# [DATA SEGMENT]
-- Opening Marker --

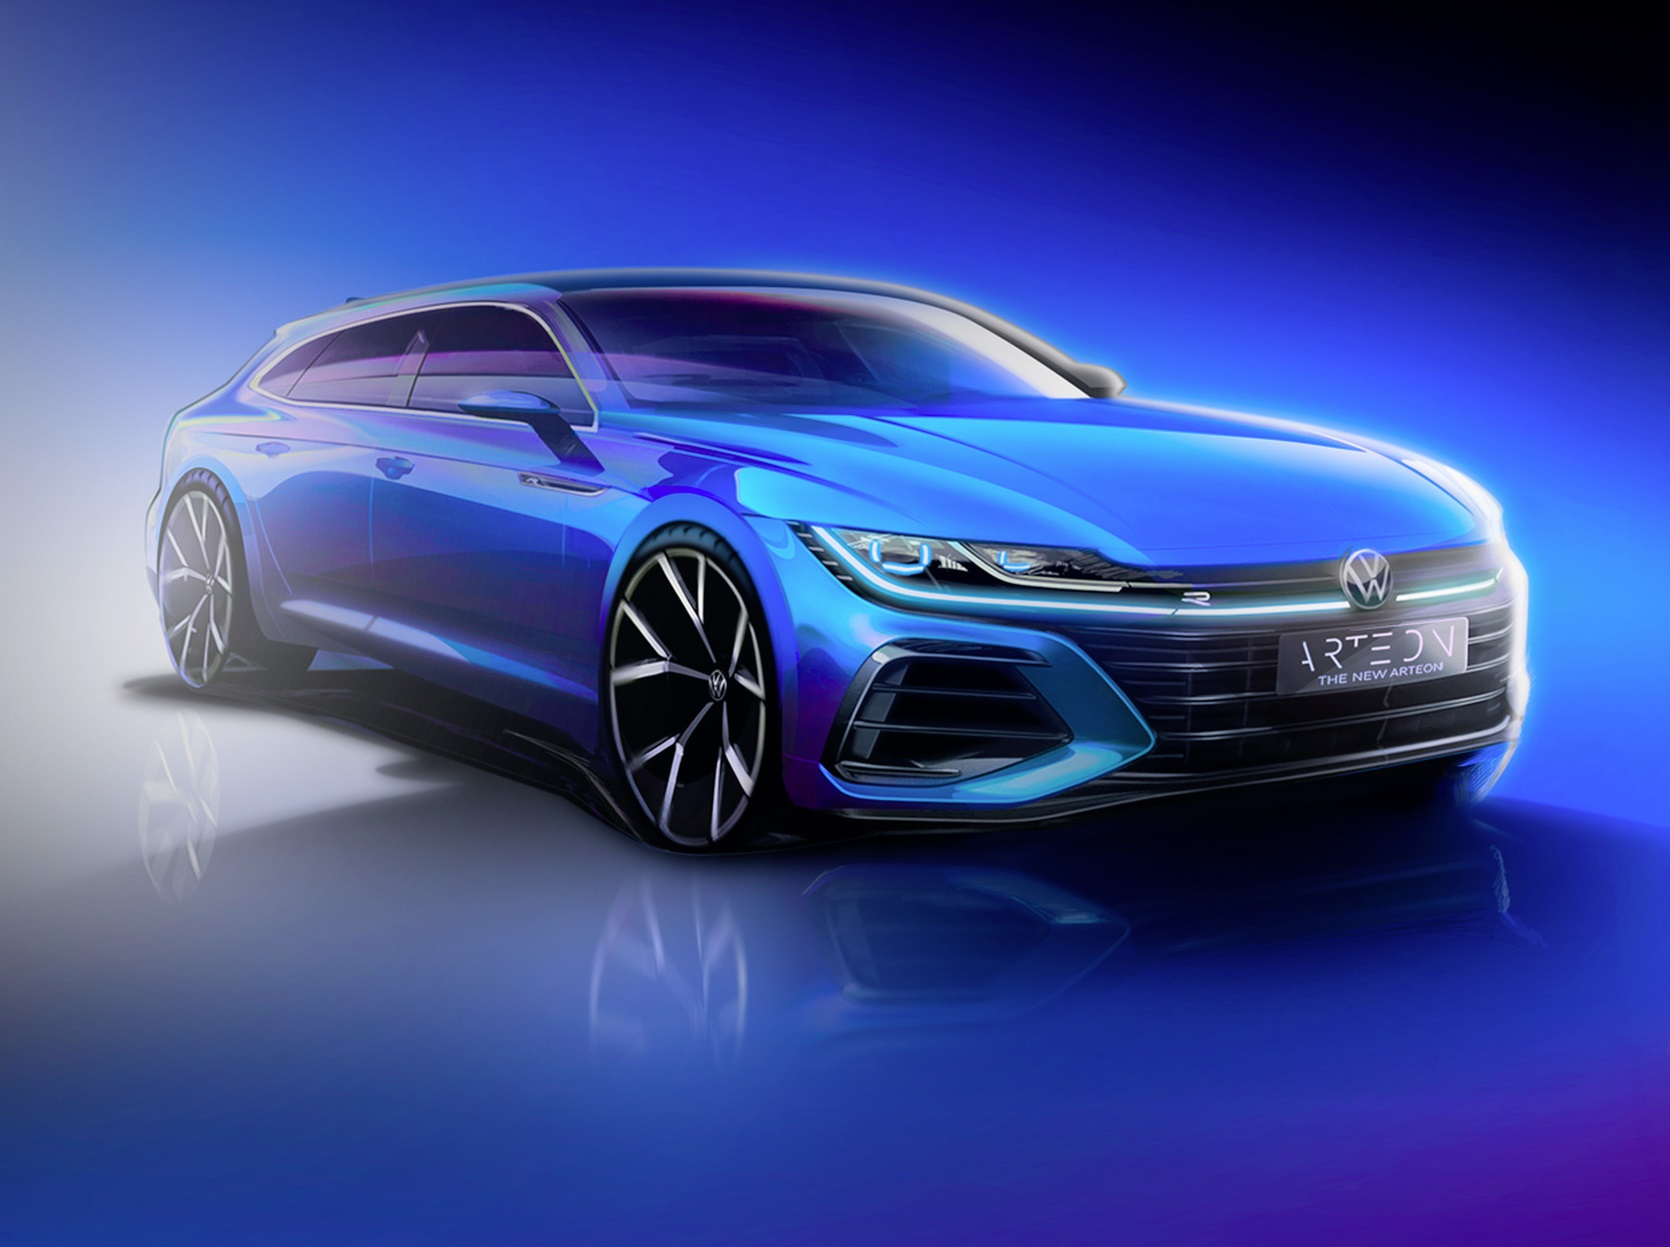 Volkswagen Arteon príde aj vo verzii Shooting Brake
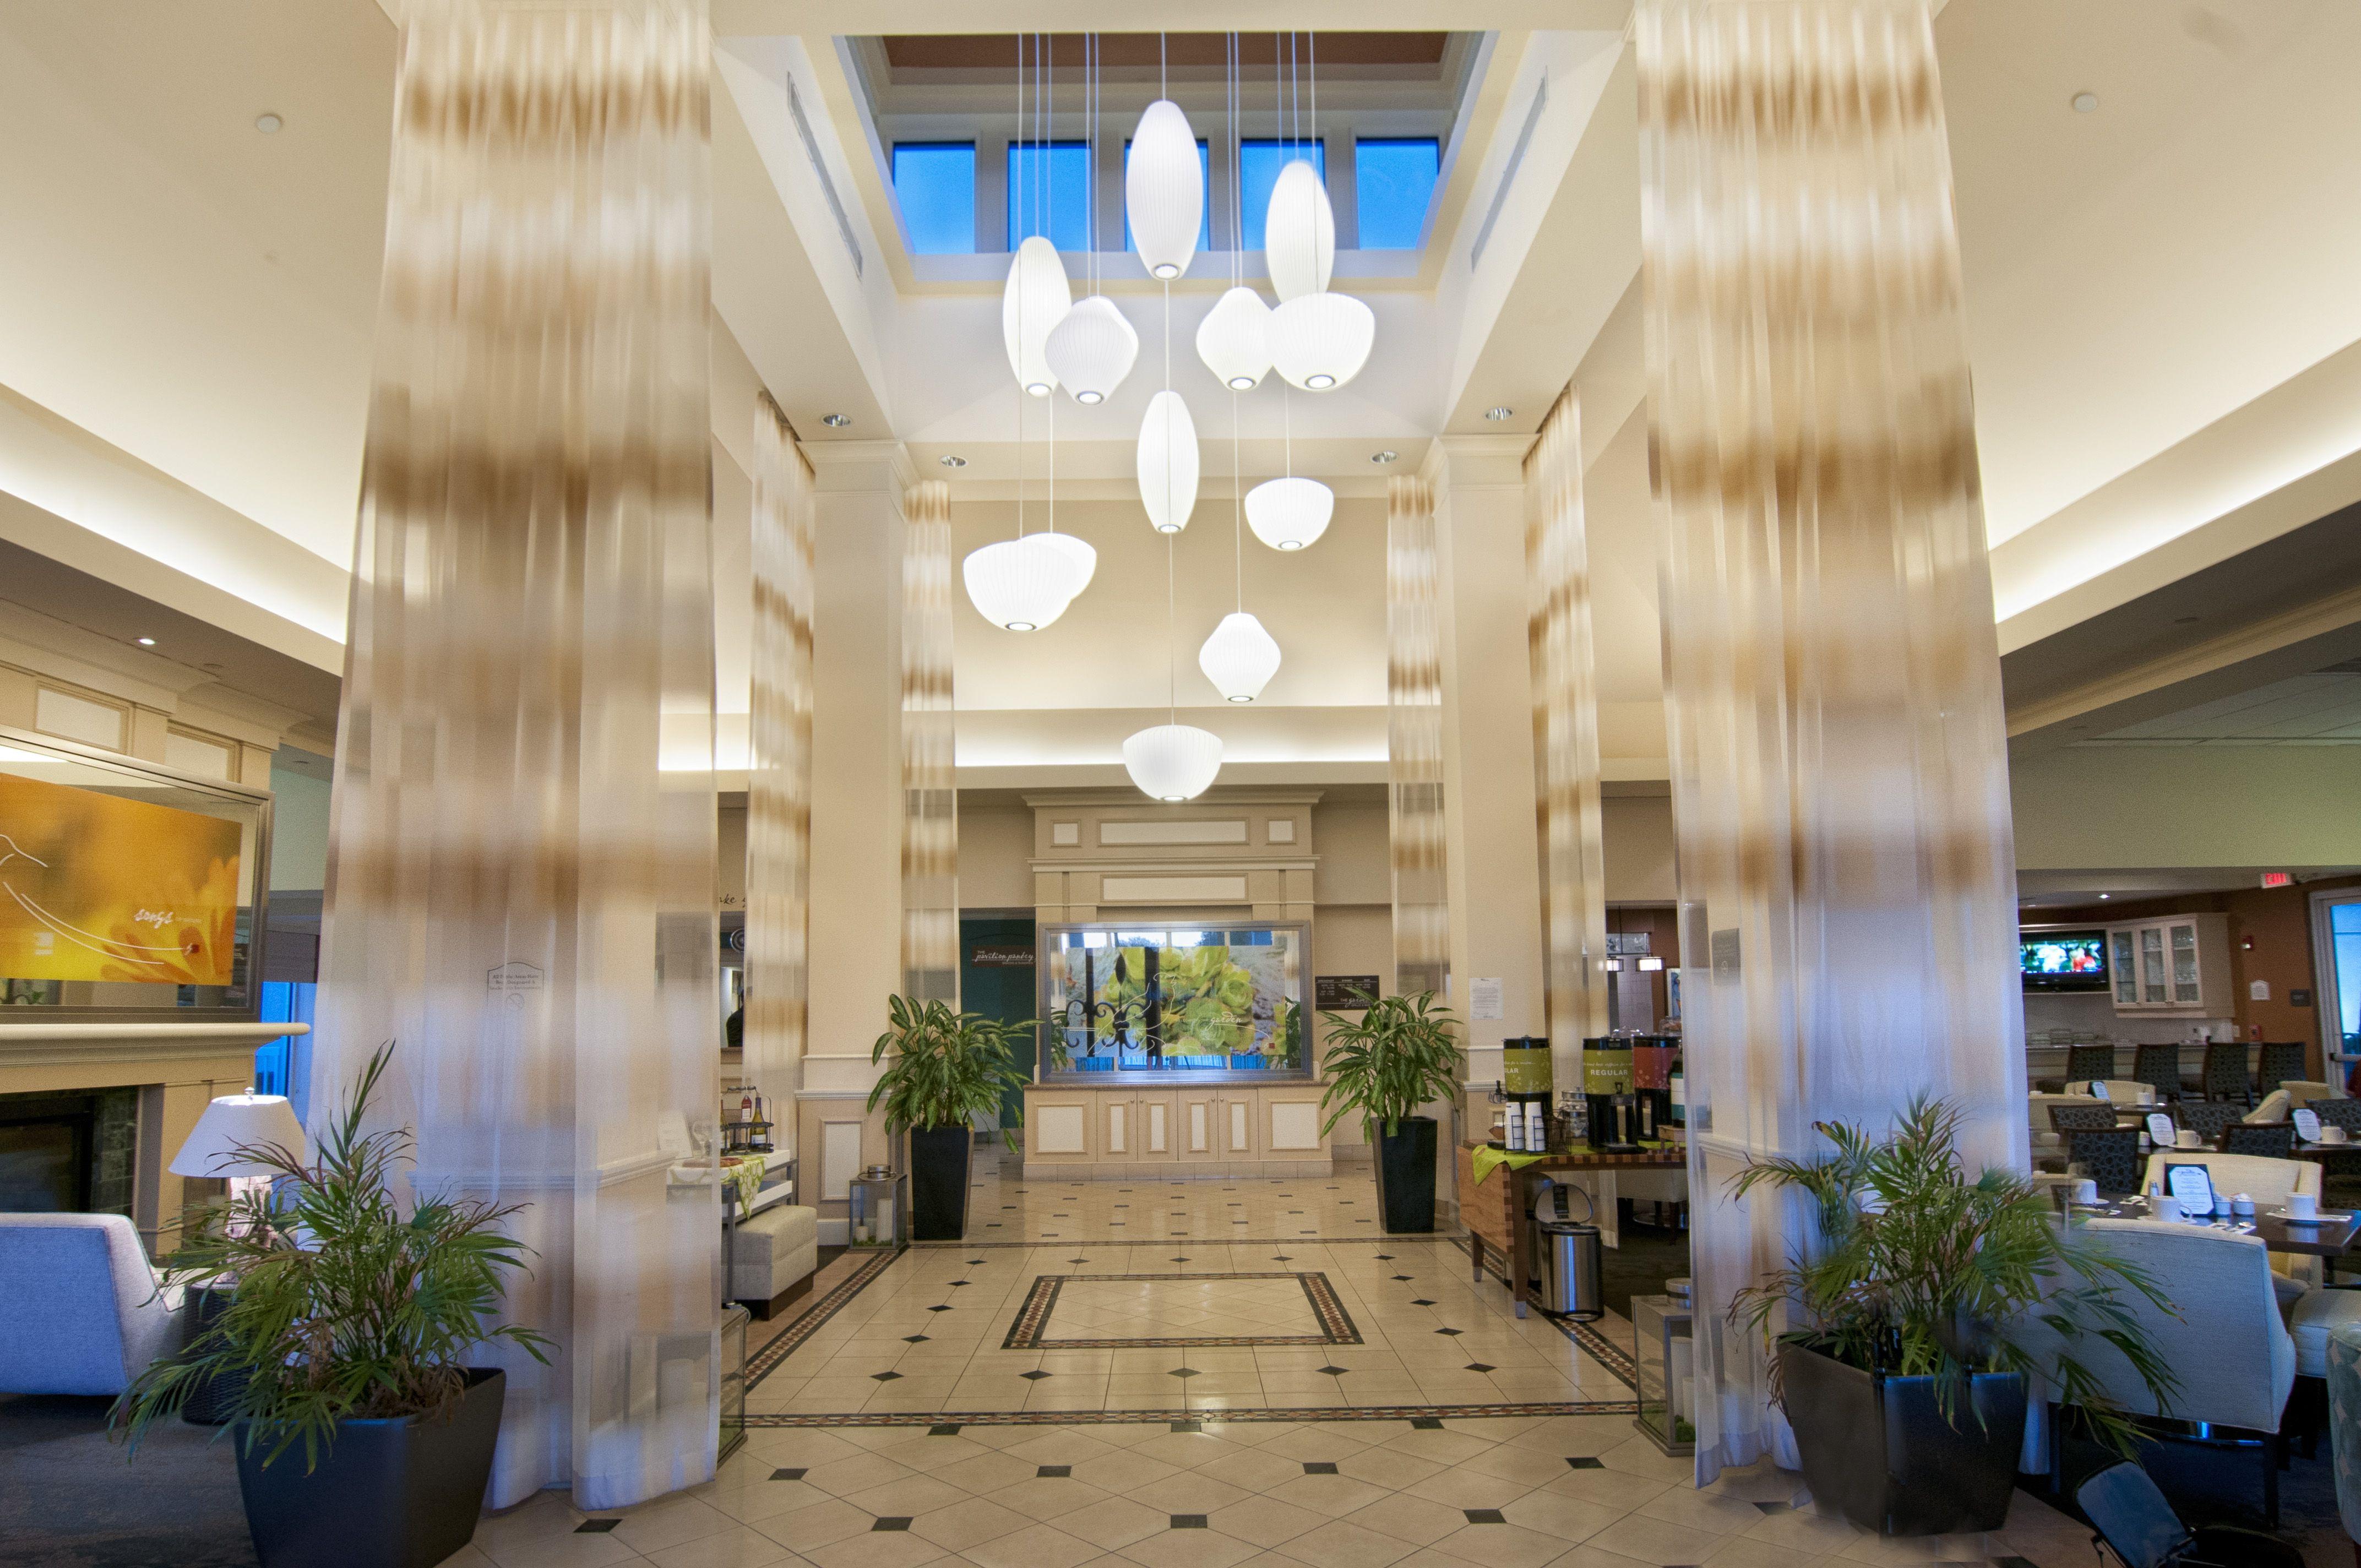 Our Lobby At The Hilton Garden Inn Sarasota Bradenton Airport In Beautiful Sarasota Florida Hilton Garden Inn Florida Hotels Sarasota
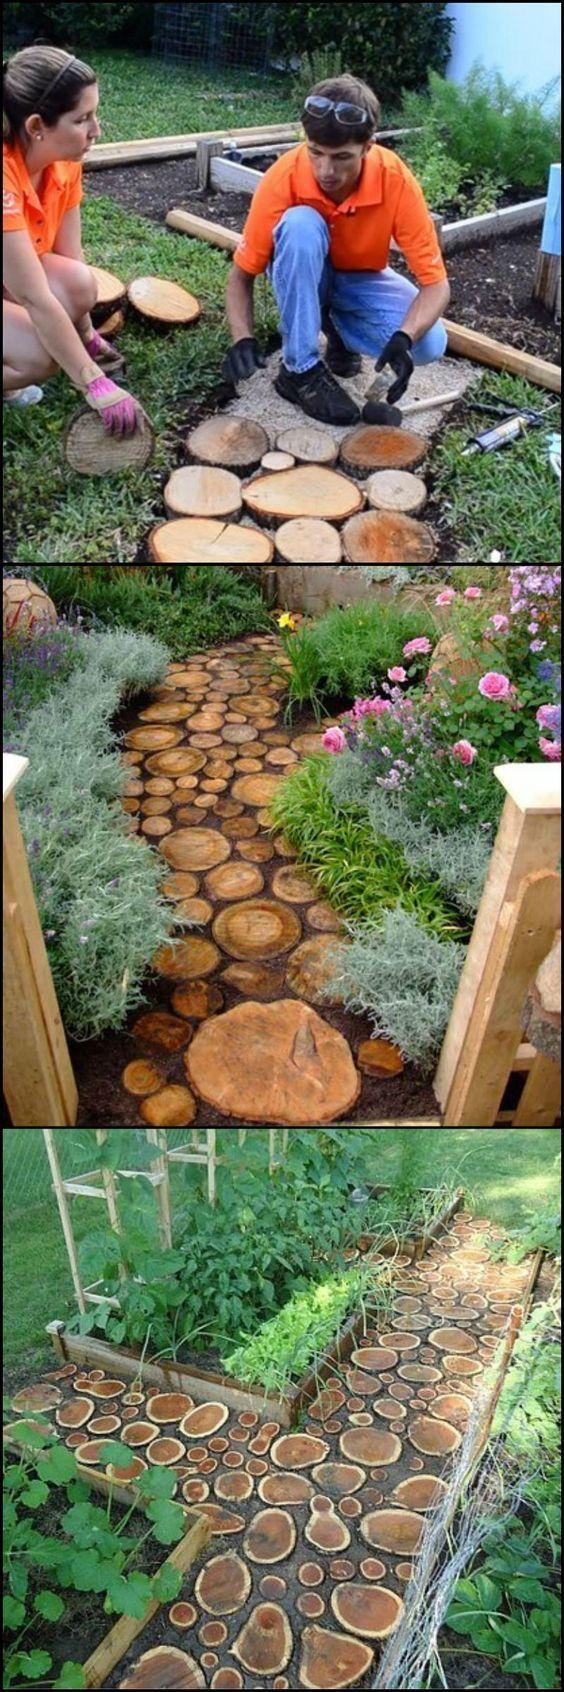 Log Design Idea Garden Paths Backyard Landscaping Backyard Backyard gardening for profit

-- Closing Marker --

# [EXERCISE DIRECTIONS]
Omit all images when repeating the data above exactly.

# [PROBLEM SOLUTION]
 Volkswagen Arteon príde aj vo verzii Shooting Brake
 Our Lobby At The Hilton Garden Inn Sarasota Bradenton Airport In Beautiful Sarasota Florida Hilton Garden Inn Florida Hotels Sarasota
 Log Design Idea Garden Paths Backyard Landscaping Backyard Backyard gardening for profit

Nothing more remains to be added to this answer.